サイゾーpremium  > 特集  > アダルト  > 【ヤクザ】とエロ産業の関係
第1特集
エロ産業に跋扈するアウトローの正体【1】

かつて裏ビデオに出た姐さん、若い衆もいた!? 売春チラシで年間20億円! エロ産業に絡むヤクザのシノギ

+お気に入りに追加

――ヤクザのシノギといえば、覚せい剤の売買や闇金融などを思い浮かべる向きも多いだろう。だが、風俗やアダルトビデオの販売といったエロ産業にも彼らは深く関わり、時に巨額を稼いでいるという。ここでは、「ヤクザのシノギとしてのエロ」という視点から、その歴史をひもといてみたい。

1607P062-065_photo3.jpg
警視庁が発行する『警察白書』には「売春暴力団」の文字が。

 エロ産業の中でも、裏ビデオ販売や売春など、違法性の高いものになるとチラついてくるのがヤクザの影だ。例えば今年5月には、児童ポルノを含むわいせつなDVDを販売したとして、二代目東組幹部組員ら8人が逮捕、滋賀県警は、DVDなど約20万点を押収している。同月には神戸山口組系暴力団幹部も売春事件で逮捕。逮捕容疑は、昨年9月に高校1年の女子生徒に売春させて得た売上金を、援デリ経営者の男を通じて受け取った……というものだった。

 ただ、このような事件は、まれにニュースで伝わってくるのみ。ヤクザとエロ産業がどれほどの深さでつながっているかの“詳細”は、メディアの報道からは伝わってこないのが現状だ。ヤクザ取材の経験が豊富なスポーツ紙記者も、「その手のシノギの話題は、ヤクザ本人も語りたがらないですね」と話す。

「シノギを成功させるために、接待の時に『好きな女を持って帰っていいぞ』と女を利用して男をたらし込むという話であれば、何度も耳にしたことがあります。また、そのように自由に使える女性を複数抱えていることも、取材を重ねるとわかってきますが、エロ産業に直接事業として関わっているという話は彼らの口からは聞かない。ヤクザのシノギは基本的に法に触れており、さらに女性で金を稼いでいるというのは、建前上、口に出すのがはばかられるのではないでしょうか」(同)

 本稿では、そんなヤクザとエロ産業との関わりを、過去の事件や識者の言葉をもとにひもといてみたい。

 まず、ヤクザとエロ産業の関わりはいつから始まったのかというと、それは江戸時代にまで遡る。ヤクザの歴史に詳しいフリーライターは、次のように語る。
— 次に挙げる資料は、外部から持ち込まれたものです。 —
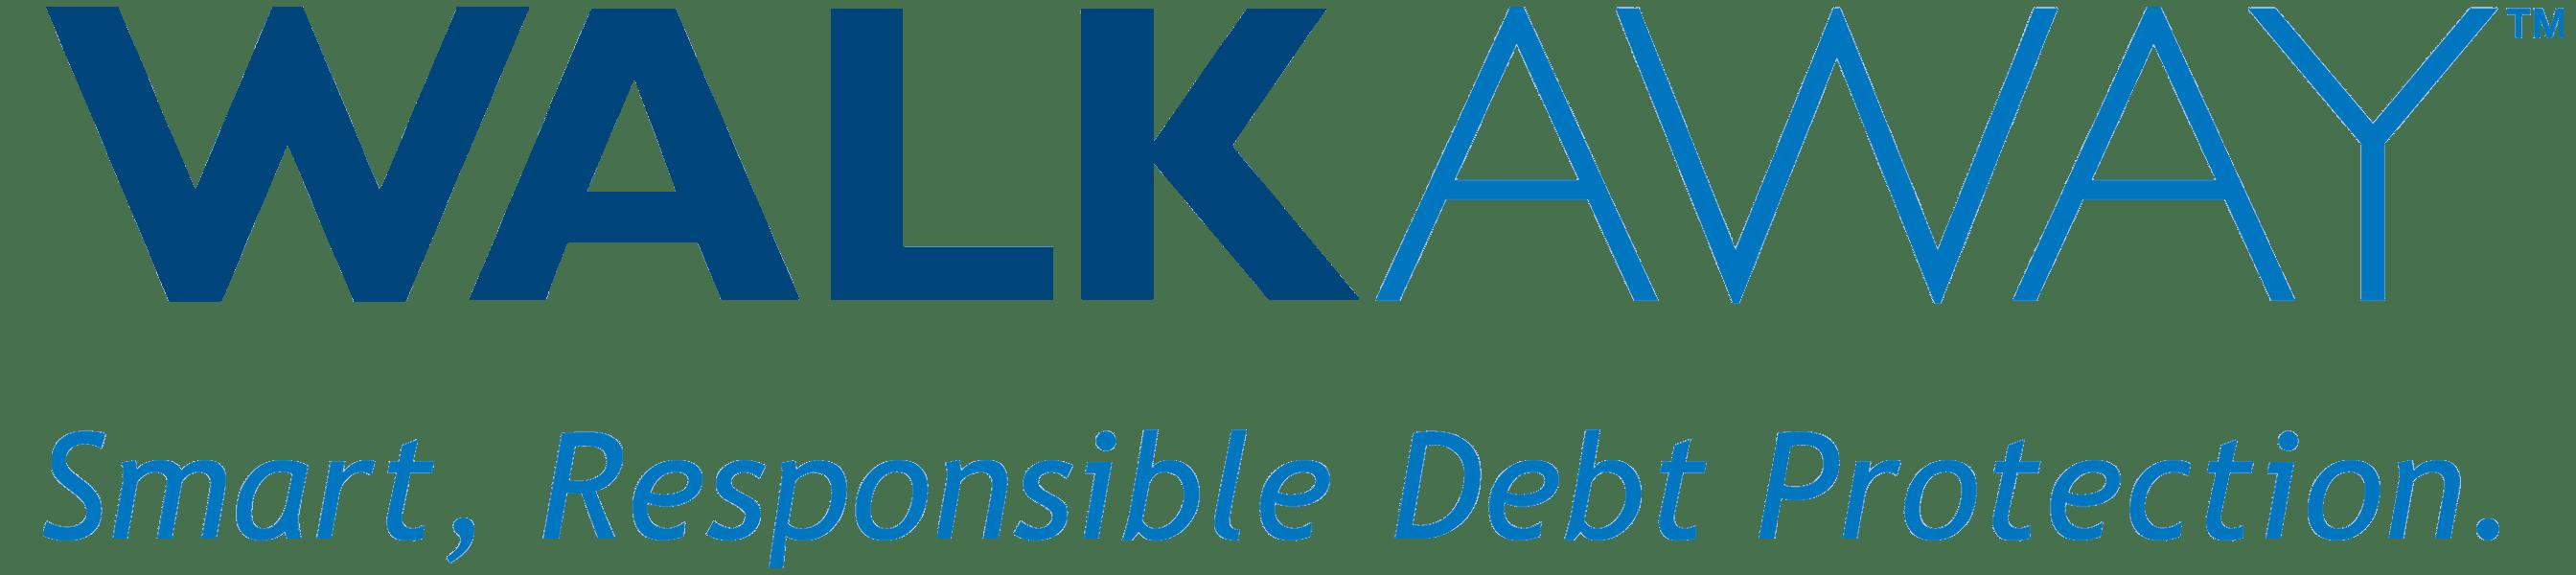 walkaway logo blue

「江戸時代の女衒(ぜげん)と呼ばれる連中は、当時のヤクザ。女を遊女屋に売る周旋業を仕事とする彼らは、東北などの村で親に女の子を売らせて、マージンを取って稼いでいた」

 売春業との関わりは戦後も続く。当時のヤクザは警察やマスコミが使うことで広まった「暴力団」という呼称で呼ばれることになるが、組織的な売春を行う暴力団は「売春暴力団」と呼ばれていた。昭和53年の警察白書では、博徒、テキ屋、会社ゴロ、炭鉱暴力団、港湾暴力団などと並んで、暴力団の分類のひとつとして「売春暴力団」に触れている。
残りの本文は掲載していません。